Выходя из мастерских, мы были потрясены и не знали – то ли плакать, то ли смеяться. Припомнился рассказ Ильи Сергеевича о его встрече с президентом Французской академии Арно де Трюффом, который с горечью тоже говорил о том, что искусство кончилось, учить некому и нечему. То же самое провозглашал в свое время один из основателей современного модернизма, автор «Черного квадрата» К. Малевич».

Случилось так, что в XXI веке нигде в мире не осталось системы профессионального академического обучения подобной той, какая создана в Российской академии живописи, ваяния и зодчества.
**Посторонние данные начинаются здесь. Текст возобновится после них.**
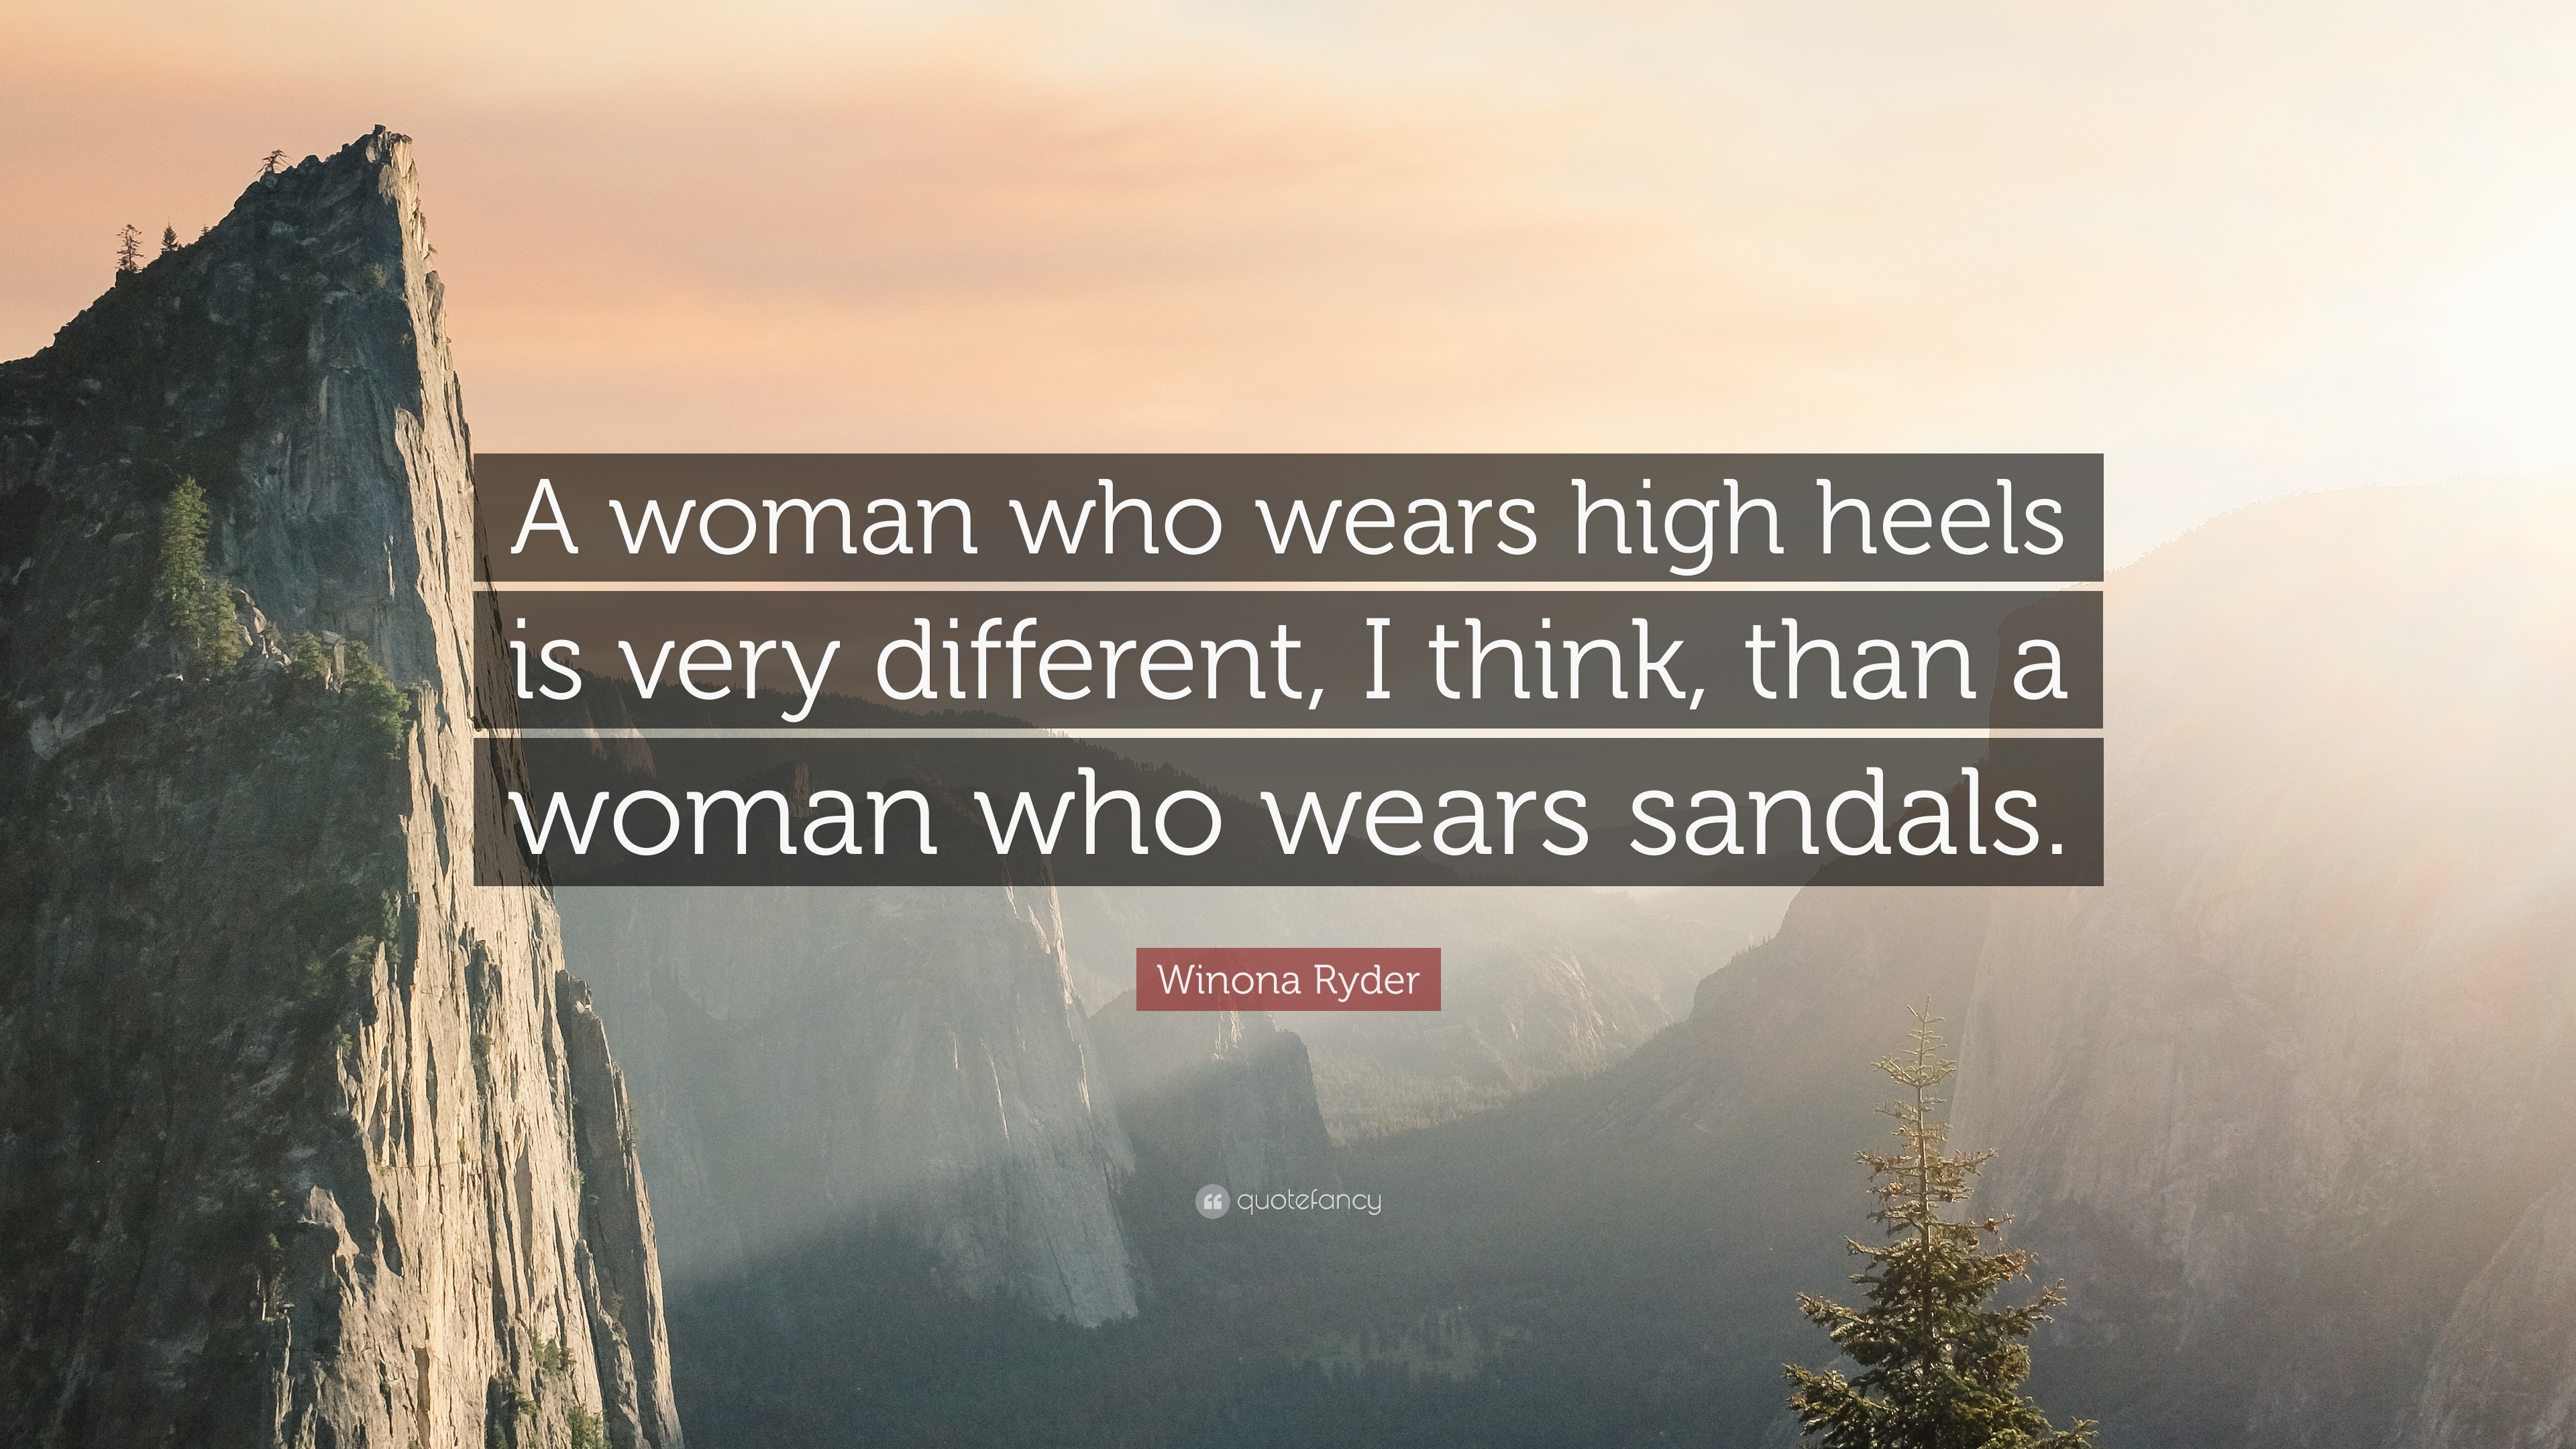 Winona Ryder Quote: “A woman who wears high heels is very different, I ...

Она создавалась, как скромно замечает Глазунов, коллективом академии на основе русской школы реалистического искусства. Важнейшим принципом обучения в ней является обязательный выезд студентов после окончания I курса на практику в Петербург. В Эрмитаже они копируют произведения Веронезе, Рубенса, Рембрандта, Тициана, других мировых классиков. В институте имени И. Репина изучают технику гризайли, рисуя с оригиналов античных слепков. Картины старых мастеров, рассказывала мне Вера Глазунова, закончившая академию, это как идеальное учебное пособие, начиная от цвета до построения композиции. Но копирование – не просто процесс получения профессиональных знаний. Это еще и радость общения со старыми мастерами, вхождение в их духовный мир. Методику работы Брюллова и Сурикова, Врубеля и Репина студенты могут изучать и по произведениям, находящимся в собственном академическом музее, где также хранятся образцы лучших учебных работ, созданных в императорской академии, равно как и произведения, характеризующие уровень мастерства преподавателей, большинство из которых закончили Суриковский институт в мастерской портрета Глазунова. Эта мастерская стала своеобразной творческой лабораторией по отработке системы воспитания молодых художников, получившей затем развитие в стенах Российской академии. В то время как студенты художественных вузов рассылались на практику по производственным предприятиям, студенты портретной мастерской, по настоянию ее руководителя, совершали поездки в Ленинград для копирования в Эрмитаже произведений классиков, в Царское Село и Павловск, а также на Валаам, в Новгород, Псков, другие древние русские города. А на лекционных курсах они знакомились с изъятыми из духовной жизни сочинениями великих русских историков и религиозных мыслителей – А. Нечволодова, В. Ламанского, С. Гедеонова, А. Гильфердинга, Е. Классена, К. Леонтьева, С. Булгакова, И. Ильина. Впервые за десятилетия советской власти студенты мастерской на средства от выставочной деятельности своего руководителя выезжали за рубеж для знакомства с коллекциями крупнейших европейских музеев.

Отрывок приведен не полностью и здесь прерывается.